"Violent communication" refers to excessive criticism and judgment towards others or oneself, for example:

  • Partner: “Are you throwing a tantrum again?”
  • Family: “Look at how well that other kid is studying! You’re always just playing around!”
  • Friend: “You’re always with them! Guess I’m not considered a friend anymore!”

Nonviolent Communication aims to build connections and understanding through:

  1. Self-reflection before communication: Understand your own emotions and feelings.

  2. Inviting open communication: When ready, invite the other person to communicate. The goal is connection, not to lecture. Regardless of the outcome, maintain an open attitude and respect the other person’s freedom to disagree or refuse.

Nonviolent Communication Steps:

  1. Observe and State Facts
  2. “You’re always with them!” vs “You’ve had meals with them four days this week.”

Express Your Feelings

When communicating, focus on expressing your feelings, not your thoughts.

For example: Instead of saying, “You don’t consider me a friend anymore,” say, “You’ve been less available to have meals with me, and I feel very lonely.”

A. Thought: “I think I’m doing a bad job.”

Feeling: “I’m afraid I’m not doing well and I feel anxious.”
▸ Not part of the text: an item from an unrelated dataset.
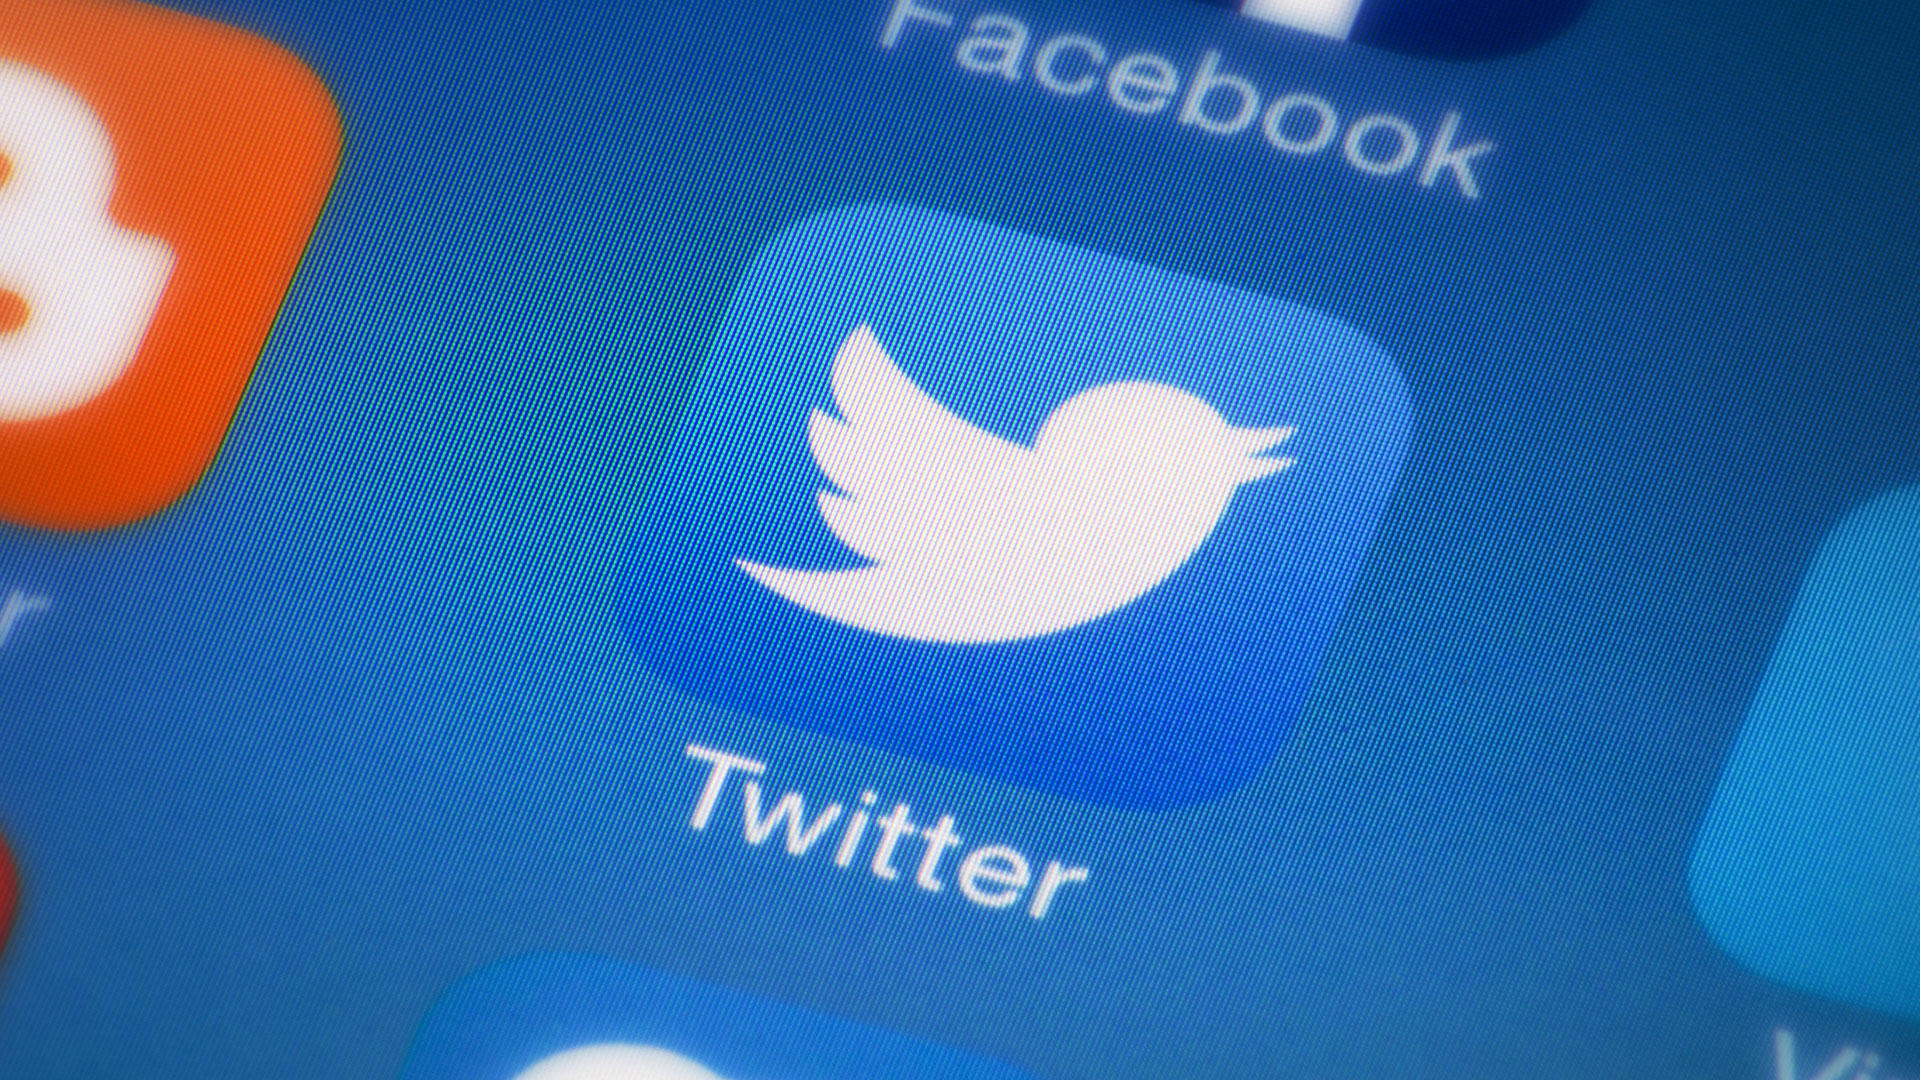 "Twitter" Rusiya, Çin və Türkiyə ilə əlaqəli olduğu iddia edilən 32 mindən çox hesabı bağlayıb
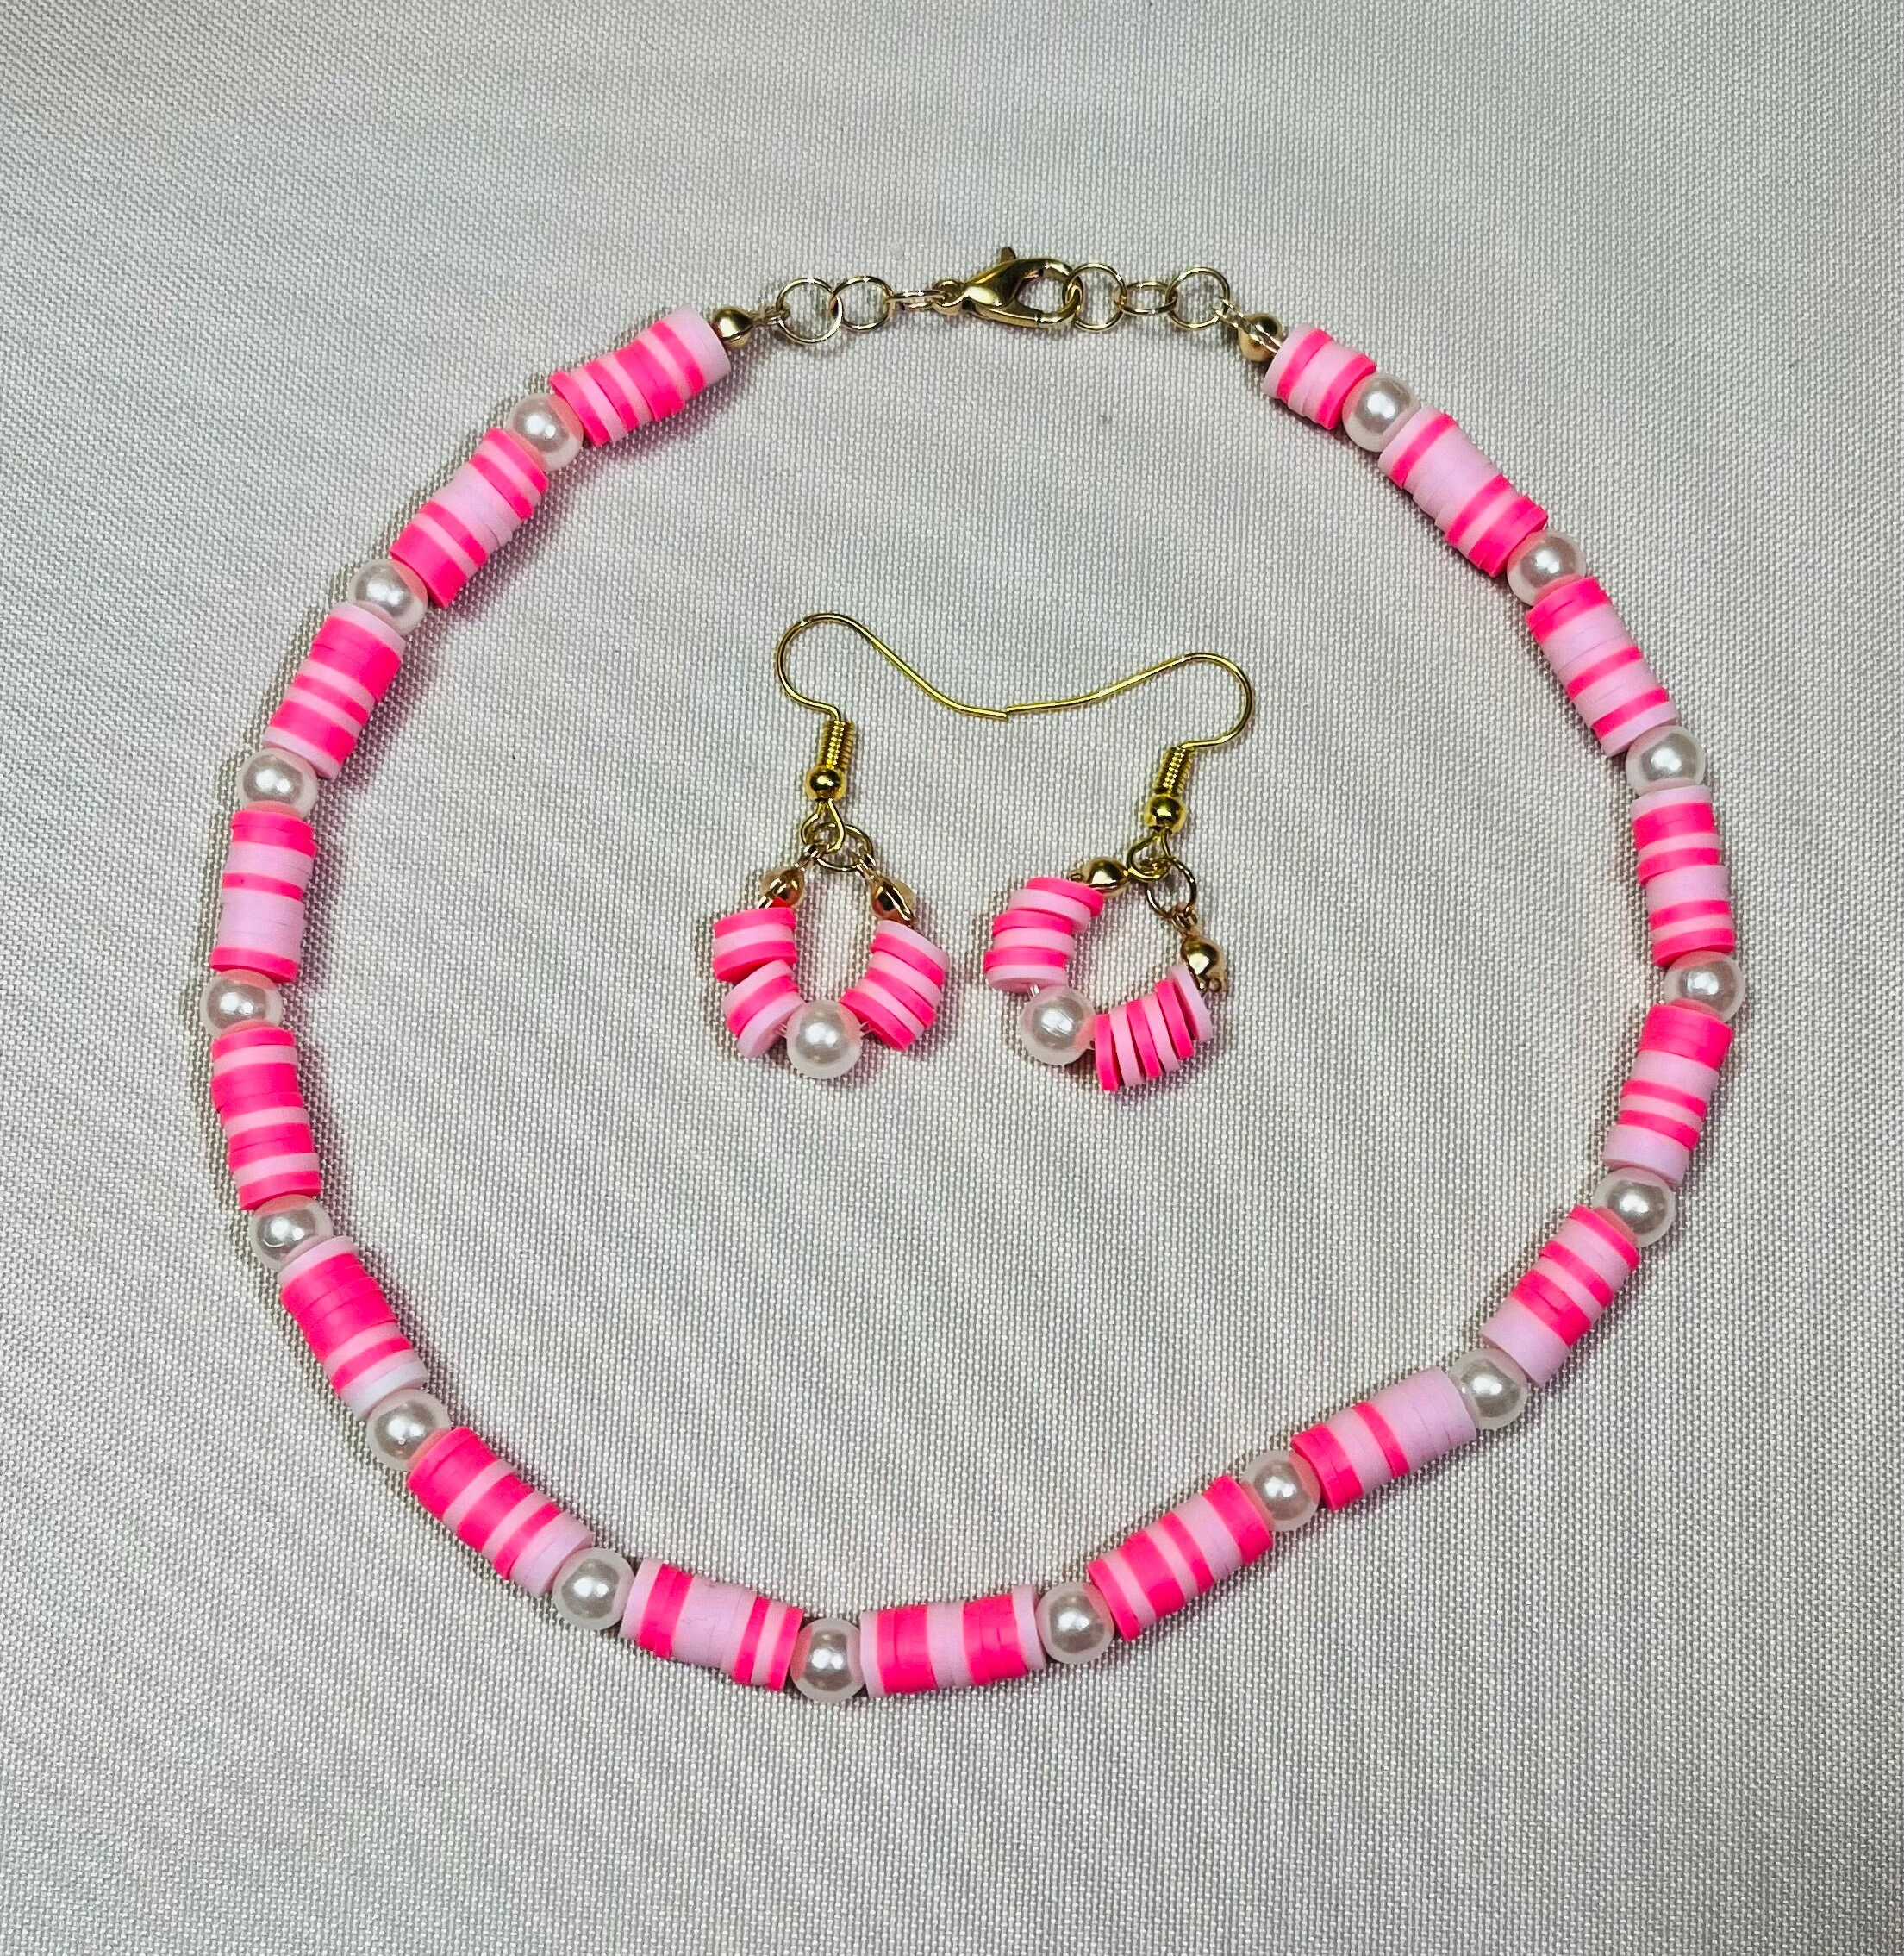 4800pcs Clay Beads for Bracelet Making Kit,friendship Bracelet Kit

B. Thought: “I think you’re being unfair to me.”

Feeling: “I feel very disappointed by this.”

C. Thought: “I think they are more important to you than I am.”

Feeling: “I feel very lonely.”

Feeling lonely might
indicate a need for companionship.
Feeling frustrated (impatience)
might mean a need for more personal space.
Feeling anxious
might suggest a need for security or self-confidence.

Expressing Needs and Reasons

For example:

I feel unhappy"
because I value you a lot (reason).
I also want you to spend some time with me (need: companionship).

Making Specific and Practical Requests

For example:

“I hope we can have dinner together at least twice a week.”

“I hope I can join you all for meals sometimes.”